Эпизоды жесточайших истязаний, собственно, и составляют основной хронометраж фильма, перемежаясь короткими вставками: простой, совсем человеческий быт хлопочущей по хозяйству Марии и плотничающего Иисуса, распростертая у ног Спасителя Мария Магдалина, Нагорная проповедь, хлеб и вино Тайной вечери…
После просмотра «Страстей Христовых» волей-неволей начинаешь делать ударение в его названии на слове «страсти». Причем не столько в значении «страдание», сколько в значении «страх». Впечатление от «Страстей Христовых» описывается одним словом — это тяжелый фильм. Его тяжело смотреть, о нем тяжело писать.

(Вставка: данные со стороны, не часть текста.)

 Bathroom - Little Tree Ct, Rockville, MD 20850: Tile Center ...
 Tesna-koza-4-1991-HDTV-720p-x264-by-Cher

Дежурная журналистская ирония по поводу американского отношения ко всей мировой истории и культуре вообще и американского кино в частности здесь совершенно неуместна — сюжет таков, что отторгает любую иронию. К тому же есть еще и бешеный успех — аудиенция, данная папой римским исполнителю главной роли Джеймсу Кэвизелу.
Мел Гибсон, католик-традиционалист, снял фильм, в котором Спаситель сведен исключительно к своей человеческой, плотской ипостаси — сцены его мучений столь подробны и кровавы, что ни о каком духе здесь нет уже и речи. Гибсон — что, в принципе, вполне в католической традиции — буквально изображает все, рассказанное в Писании, как оно могло бы выглядеть в реальности. Так бы, наверное, в Голливуде снимался любой сюжет про неправедно гонимых, но несломленных героев. Когда в сцене бичевания Христос, превращенный буквально в один сплошной кусок кровоточащего мяса, собрав волю в кулак, поднимается на ноги или когда в сцене пути на Голгофу иудей помогает ему поднять крест и подставляет плечо — это пафос самого классического голливудского типа: «Вы думали, вы «сделали» нас? Нет, это мы вас «сделали». Вещи эти вполне предсказуемые и даже, наверное, нельзя сказать, что неосознанные, — вероятно, именно так Гибсон, снявший «Храброе сердце», представляет себе духовный подвиг. Что, конечно, несколько простодушно, но не вызывает особой иронии.
Потому что здесь классический голливудский пафос не так уж и противоречит классическому христианскому.
Если что ему и противоречит, то это весьма неожиданная эстетизация страданий Христовых. В какой-то момент истерзанное тело и лик Христа (над гримом Кэвизела лучшие голливудские профессионалы ежедневно работали в течение семи часов), представленные каждой вывороченной раной, каждым клочком разорванной кожи, начинают самым неподходящим образом напоминать почти арт-объект современного искусства: крупный план лица с заплывшими фиолетовыми глазницами, симметрично покрытого багровыми рубцами, в обрамлении терновых игл на фоне серых камней Голгофы.
Производит ли это впечатление? Да, фильм Гибсона производит сильнейшее эмоциональное впечатление. Вопрос только в том, то ли это впечатление, которое необходимо в данном случае.
Отец Андрей Кураев: «Что касается антисемитизма, то все мои симпатии на стороне Гибсона»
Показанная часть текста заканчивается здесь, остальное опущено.